Oliver, a third-year student at the University of St Andrews and former captain of St Andrews Mixed Martial Arts, compares his experience in martial arts to Jack’s study. “I started Muay Thai in 2019 at Edinburgh University. I would say the culture is very different in sparring [compared to boxing]. It was intense physically, but the sparring was quite light.” Across martial arts, the discipline and gym create diversity in experience and risk. The boxers “were the real intense people,” he says. “MMA is also much more intense. There is a culture [in boxing], especially around competition, where coaches train people with no fights to be as tough as they can be, as fit as they can be, before competing.” Oliver describes MMA is “more of a middle ground” between boxing and Muay Thai, a form of Thai boxing.

“I would say in the first couple of years I was quite reckless,” says Oliver. “I ended up doing a lot of hard sparring just because that was my culture [in boxing], but I don't think I ever took any huge knocks.”

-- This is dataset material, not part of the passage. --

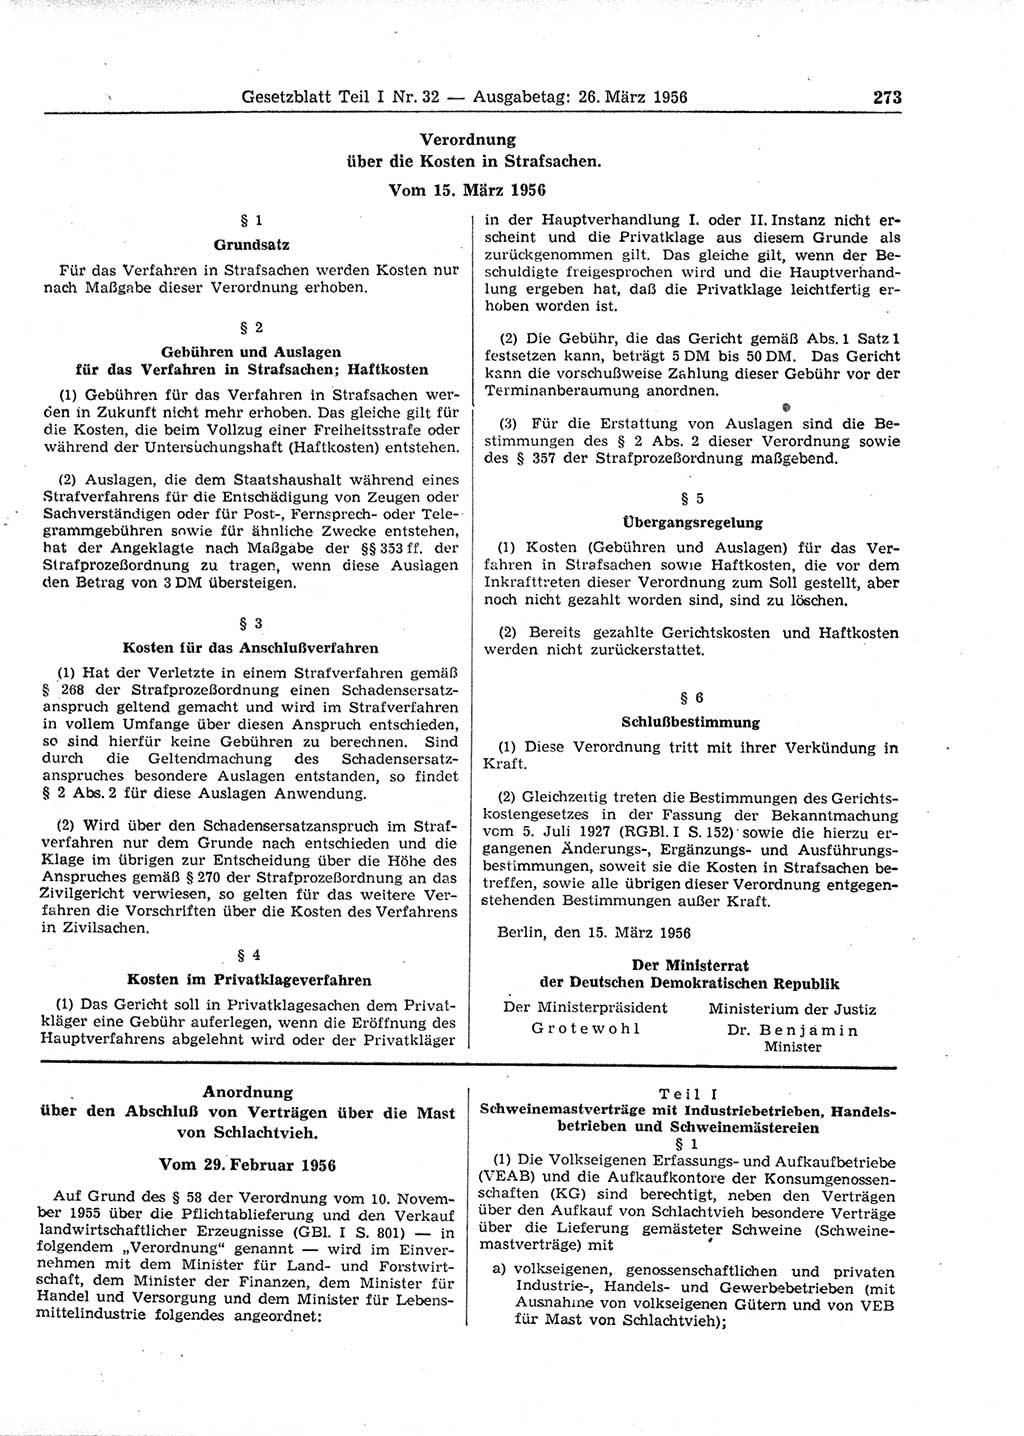 Gesetzblatt (GBl.) der Deutschen Demokratischen Republik (DDR) Teil Ⅰ 1956, Seite 273 (GBl. DDR Ⅰ 1956, S. 273)

The greater risk for amateur fighters is training to compete: “I went through a couple-year phase of being only light and technical…. When I started wanting to compete again, things started ramping up. Looking back, there were some of the more subtle side effects there. Haziness, stuff like that.”

As Jack continues his dissertation, the fourth-year reflects on his past injuries in sparring and combat. “I’ve had my nose broken five times… I’ve broken a rib,” he says. 

There is a search by martial artists and scientists, nonetheless, to provide a ‘safe’ opportunity to fight. To enforce headgear — as many UK amateur competitions do — or, in the realm of damage control, to explore new treatments for brain injuries. Martial arts enthusiasts might wonder how much of this focus prevents the obvious; injuries and victories from a practice as old as time. Jack believes martial arts retains its benefits: “The greatest risk comes from those fighting… training just for fitness is a very safe, net-positive type of training for building fitness, discipline and confidence.”